'''

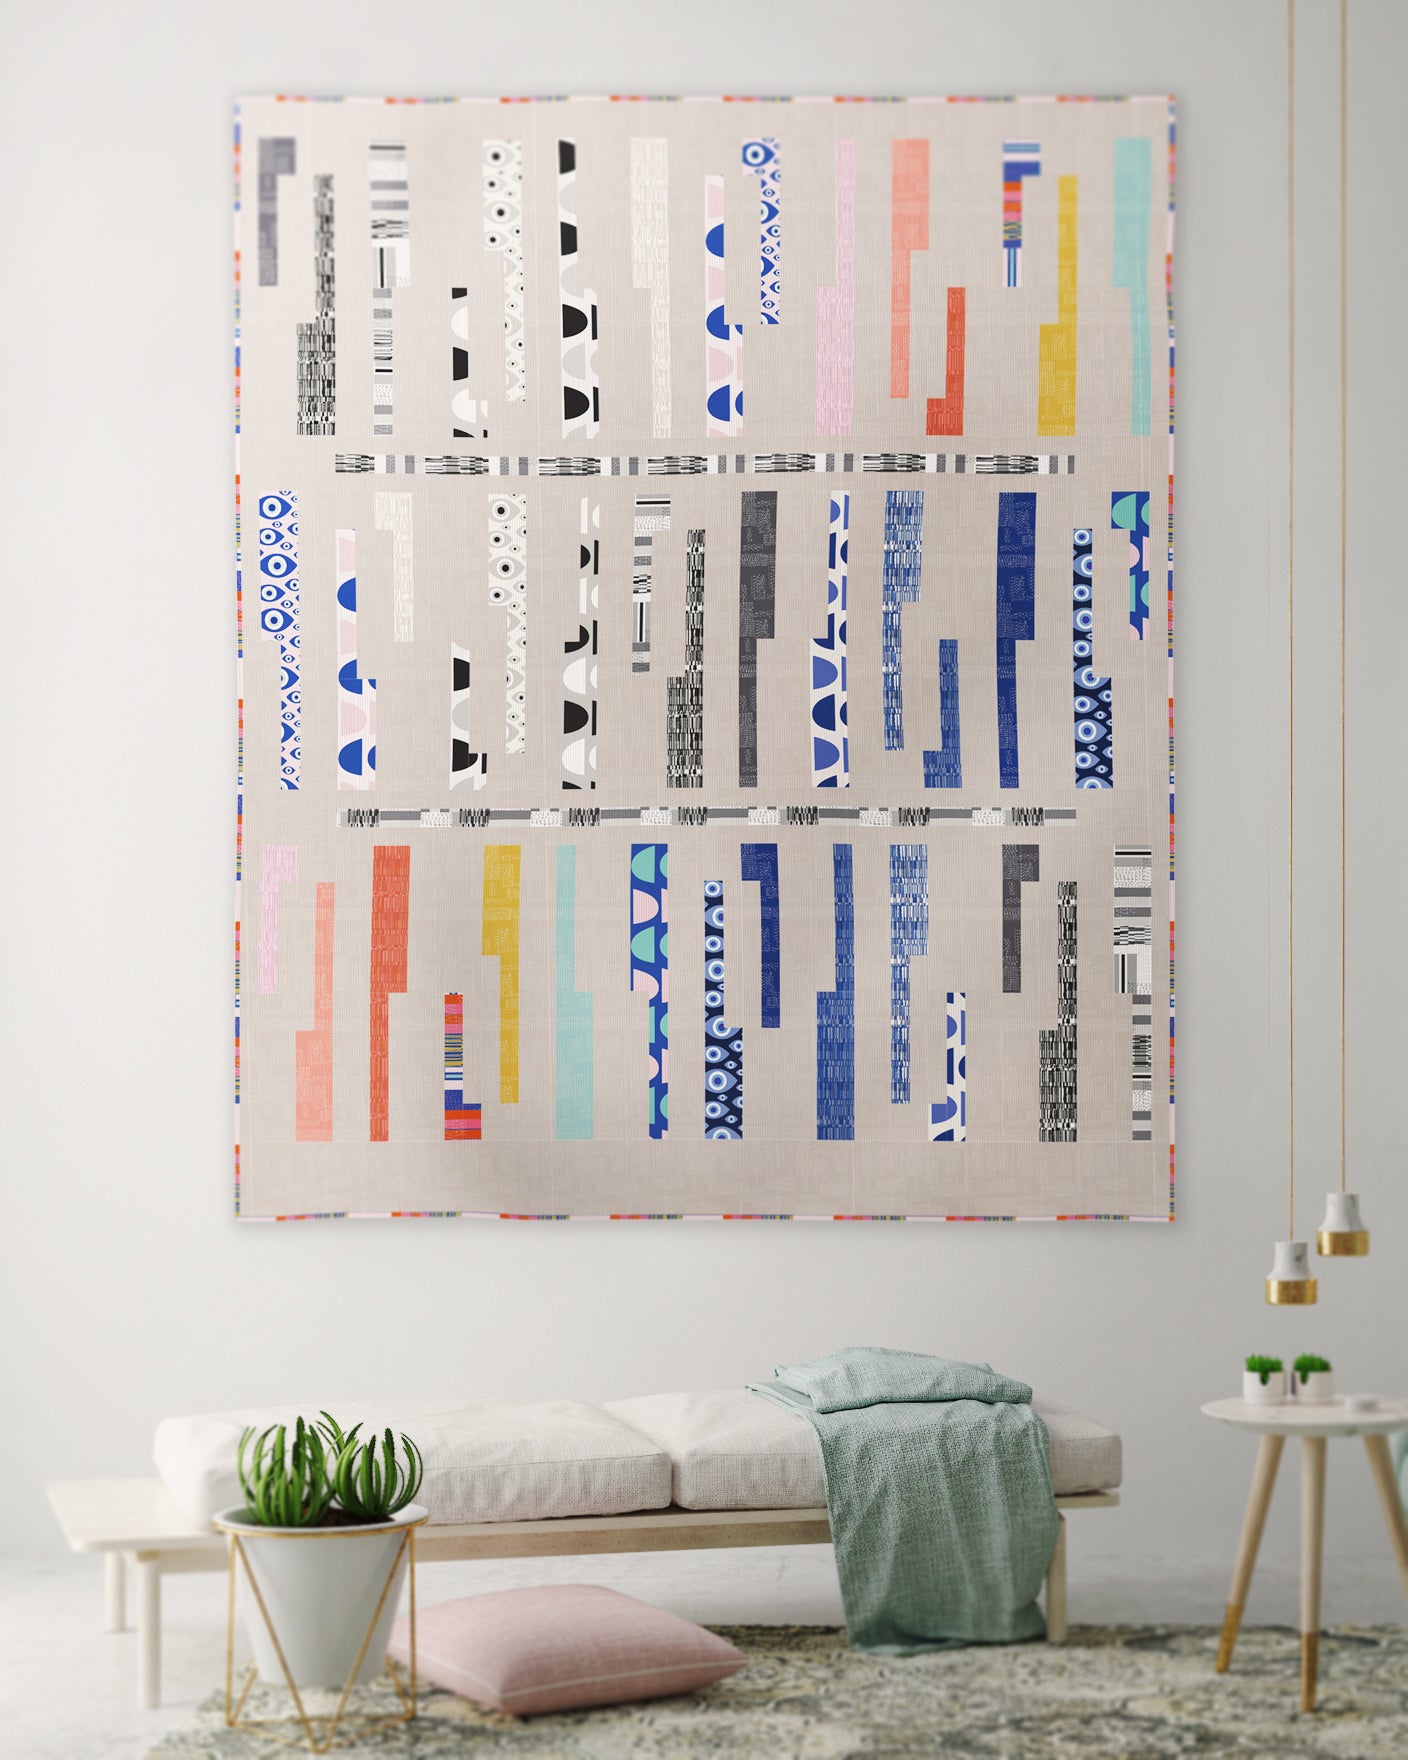 Quilt Pattern - Broken Codes by Heather Black of Quiltachusetts
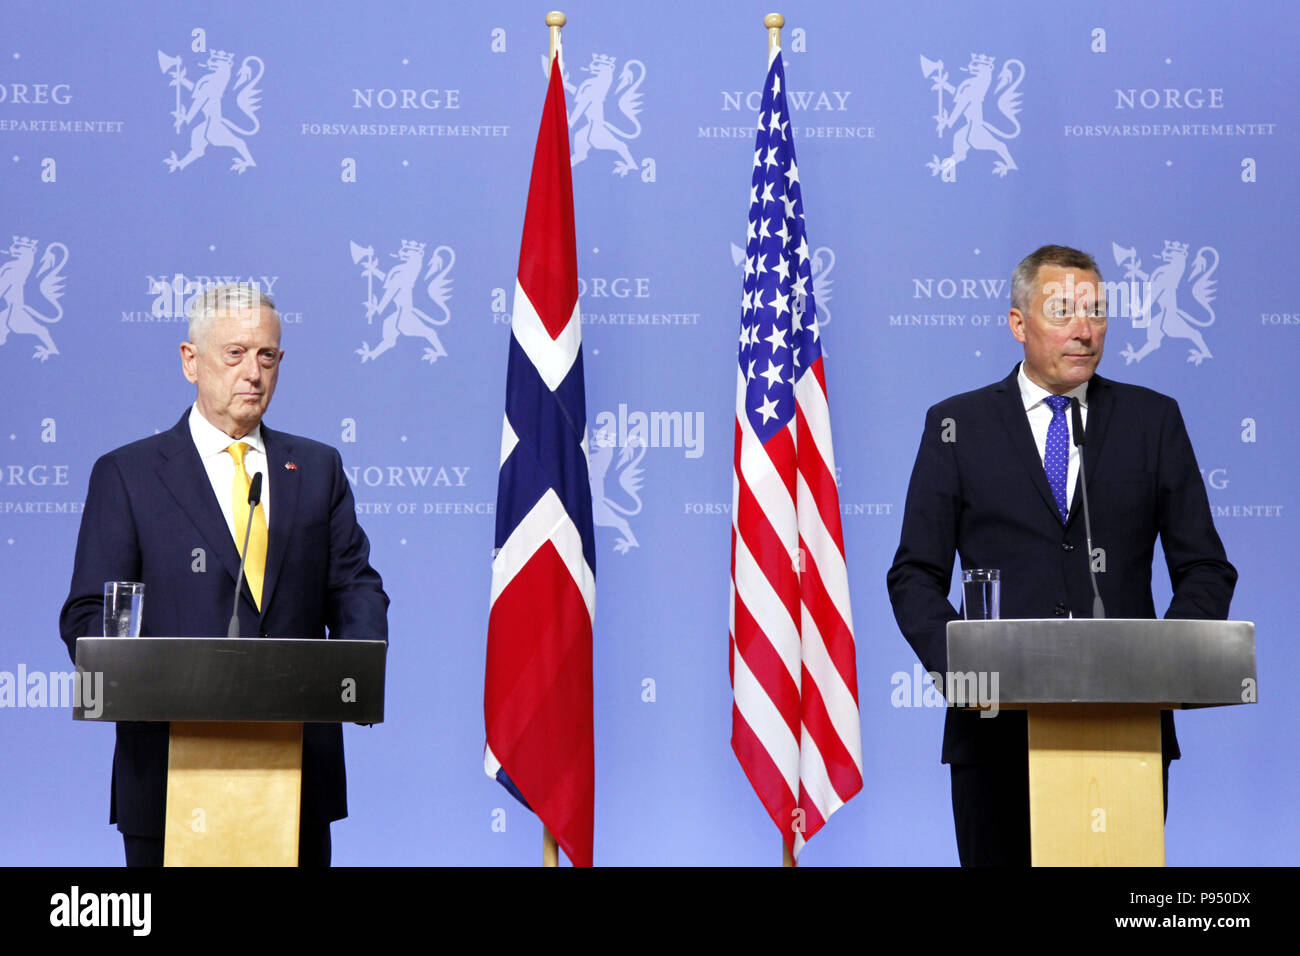 Oslo, Norway. 14th July, 2018. U.S. Secretary of Defense James Mattis (L) attends a joint press conference with Norwegian Minister of Defence Frank Bakke-Jensen in Oslo, Norway, July 14, 2018. Norway on Saturday reconfirmed its commitment to gradually increase defense spending to two percent of GDP in the North Atlantic Treaty Organization (NATO) during a visit by U.S. Secretary of Defense James Mattis to the Nordic country. Credit: Liang Youchang/Xinhua/Alamy Live News Stock Photo
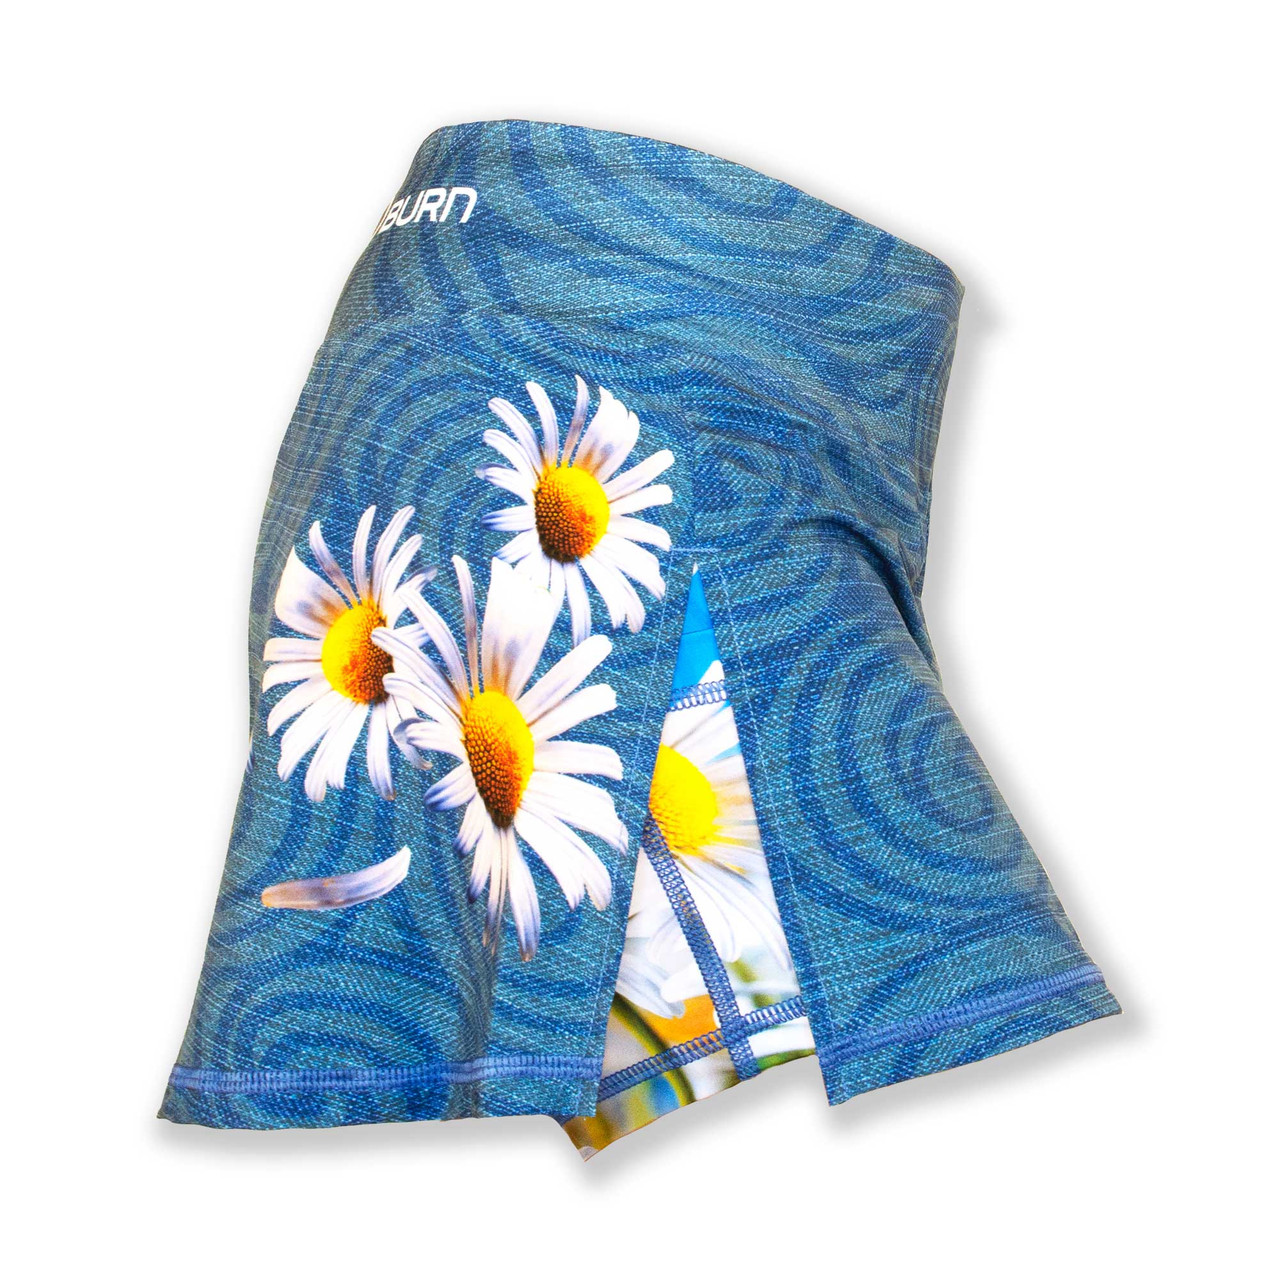 INKnBURN Women's Daisy Sports Skirt or Skort for Running, Gym and Workout

'''

## Problem
Give back the whole listing exactly as it stands. Drop every picture.

## The completed task
 Quilt Pattern - Broken Codes by Heather Black of Quiltachusetts
 Oslo, Norway. 14th July, 2018. U.S. Secretary of Defense James Mattis (L) attends a joint press conference with Norwegian Minister of Defence Frank Bakke-Jensen in Oslo, Norway, July 14, 2018. Norway on Saturday reconfirmed its commitment to gradually increase defense spending to two percent of GDP in the North Atlantic Treaty Organization (NATO) during a visit by U.S. Secretary of Defense James Mattis to the Nordic country. Credit: Liang Youchang/Xinhua/Alamy Live News Stock Photo
 INKnBURN Women's Daisy Sports Skirt or Skort for Running, Gym and Workout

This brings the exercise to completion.